Aluno: André Luiz Regis de Oliveira
Orientador: Fátima Alves
Introdução
Na configuração mundial do pós segunda guerra, a sociologia da educação dá ênfase em
um processo de investigação das questões tangentes às desigualdades educacionais e à
democratização do ensino, enquanto que temas recorrentes à família e a sociologia da família
tratam-na apenas sob um aspecto de orientação funcionalista. Uma abordagem mais específica
acerca da família só começa a ser estudada mais especificamente a partir da segunda metade
da década de setenta,
“... quando as correntes marxistas começam a se preocupar com a inexistência de uma
teoria da população, [e] o interesse pelo tema da família surge nos estudos sobre as
estratégias de sobrevivência das camadas populares e a reprodução do trabalhador.”
(BRUSCHINI, 1989, p.6). [1]
Como processo de investigação das questões relacionadas à sociologia da educação,
foram realizadas três grandes pesquisas com o objetivo de um melhor entendimento das
relações que se estabelecem entre escola e a sociedade.
A primeira geração de estudos, de base na mobilidade social, obteve conclusões
pessimistas quanto à capacidade da escola de reverter às desigualdades socioeconômicas dos
alunos, oriundas de suas famílias. Contrapondo-se a esta, uma segunda geração buscou o
efeito das oportunidades escolares, através do desempenho escolar, para demonstrar que a
“escola faz diferença”, podendo alcançar maior eficácia e equidade de resultados. Conjugando
a sociologia urbana e a sociologia da educação, surge uma terceira geração para ampliar além
da família e da escola, a organização social do território e seus possíveis efeitos sobre as
oportunidades educacionais [2].
Questionando alguns dos pensamentos vigentes até então, principalmente na sociedade
francesa, Bourdieu mostra outra face da escola, evidenciando sua configuração como
instituição não meramente produtora de saberes e conhecimentos, mas como reprodutora de
desigualdades sociais, pois nela encontram-se mecanismos de perpetuação e legitimação dos
saberes tidos como úteis pela classe dominante (NOGUEIRA e NOGUEIRA, 2002) [3].

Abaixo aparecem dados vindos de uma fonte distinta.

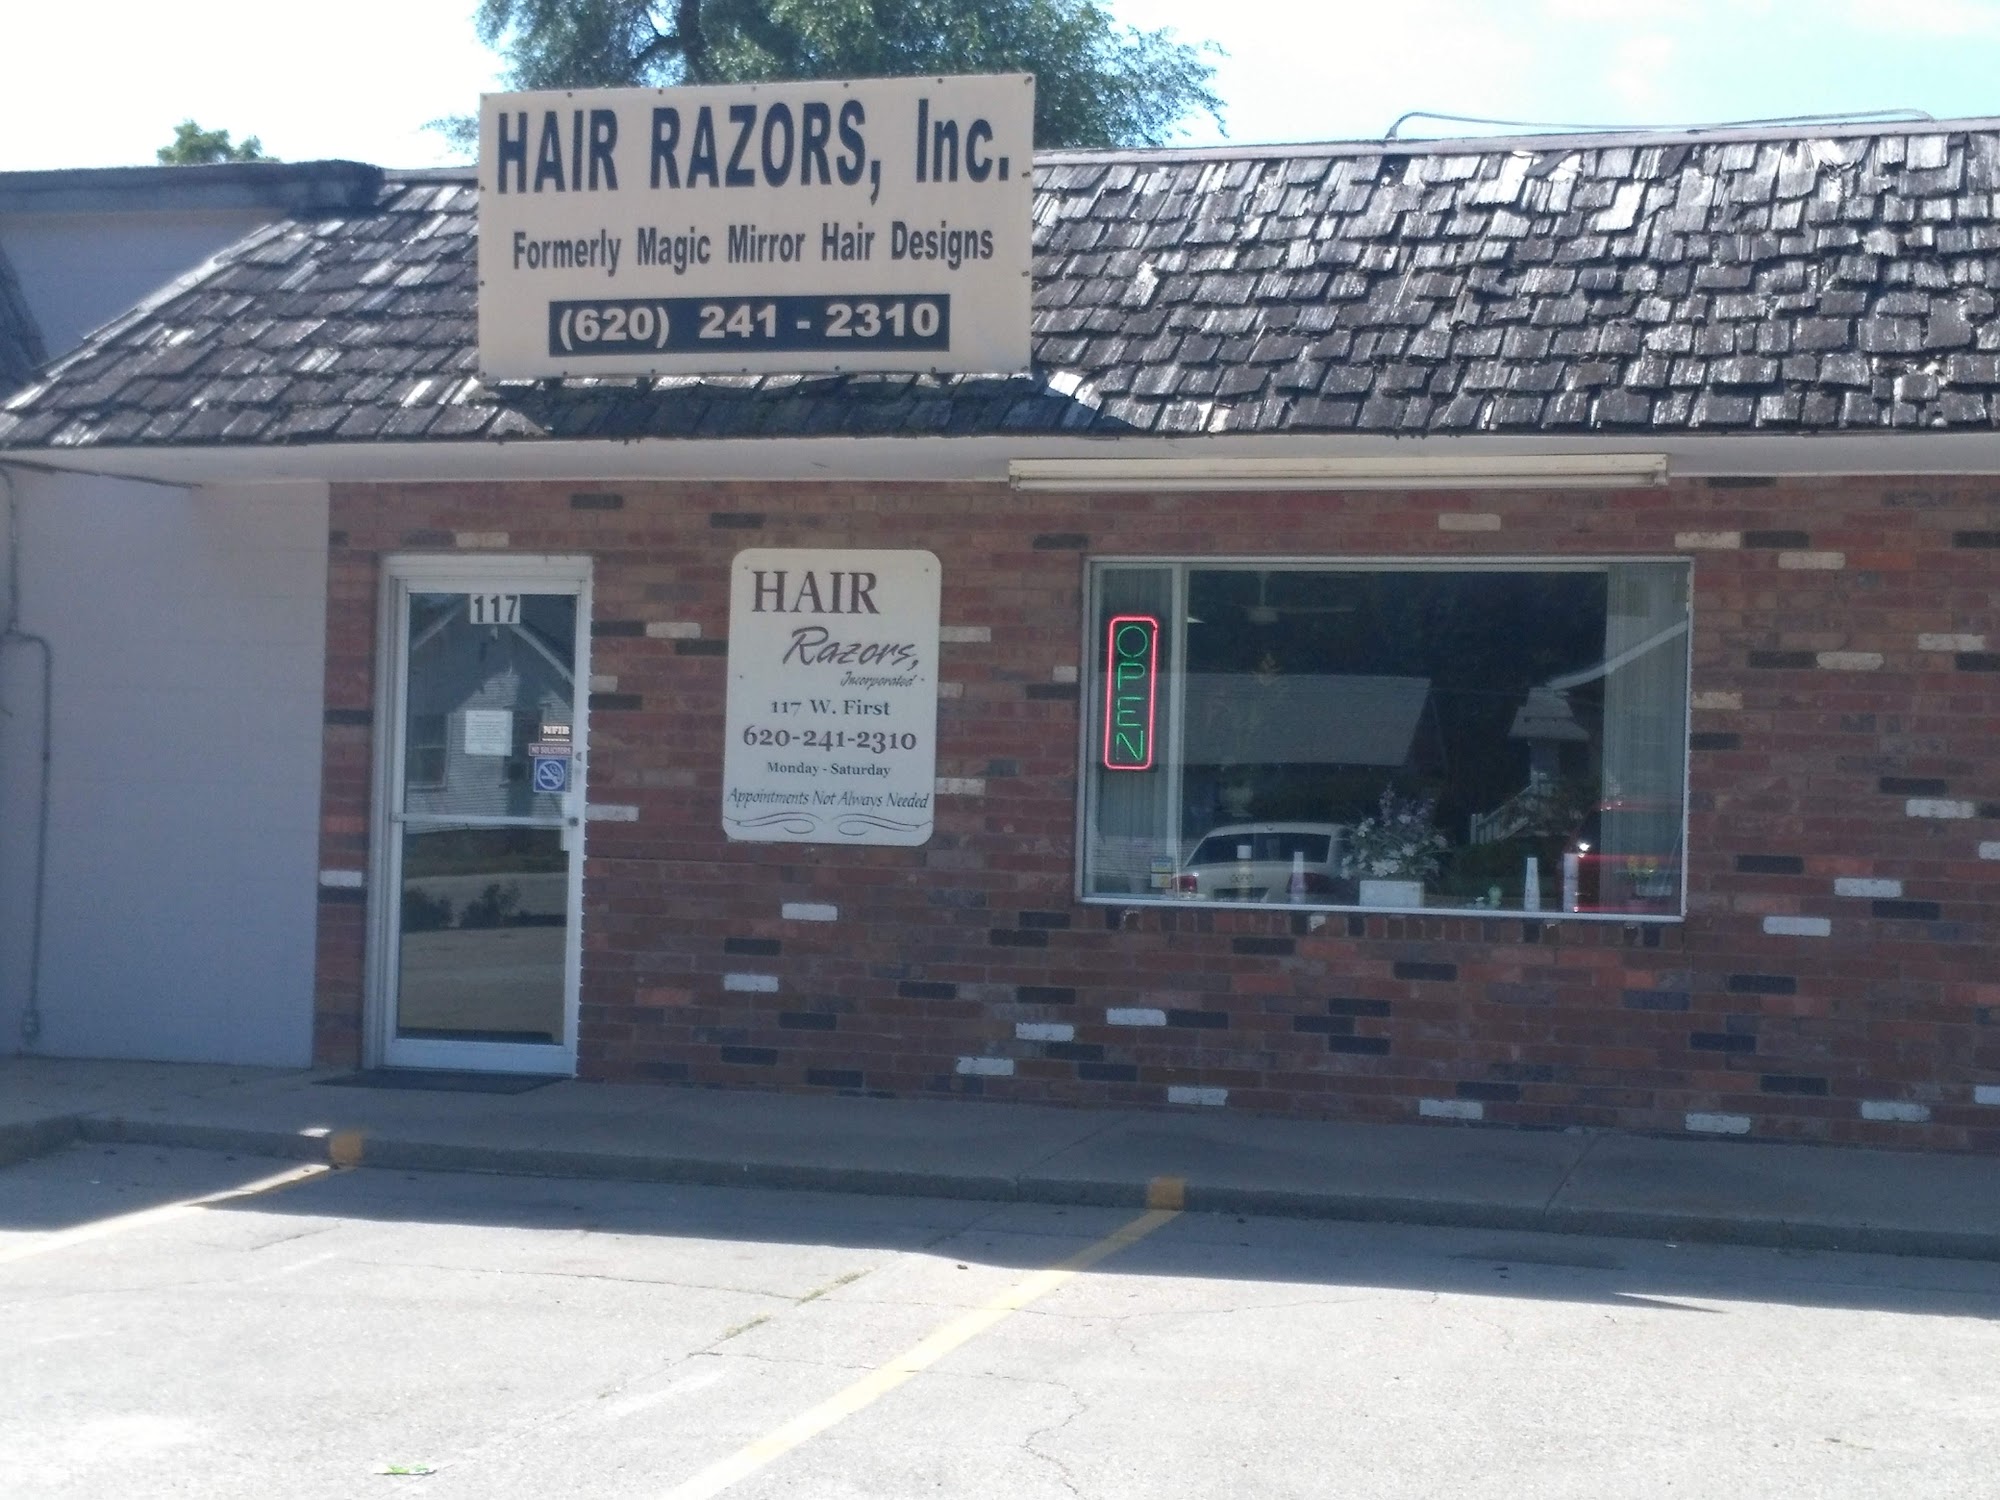 Hair Razors Inc 117 W 1st St, McPherson Kansas 67460

A diferença existente no desempenho escolar dos alunos, mais do que uma decorrência
de dons e aptidões do indivíduo, seria o resultado de condições sociais e culturais que o aluno
traz consigo ao entrar no ambiente escolar. Dessa maneira, tem-se como preocupação
estabelecer e analisar quais os elementos que fazem com que crianças provenientes de classes
populares entrem na escola em condições desiguais em relação aos alunos das demais classes
e proporcionar soluções para equalizar estas diferenças.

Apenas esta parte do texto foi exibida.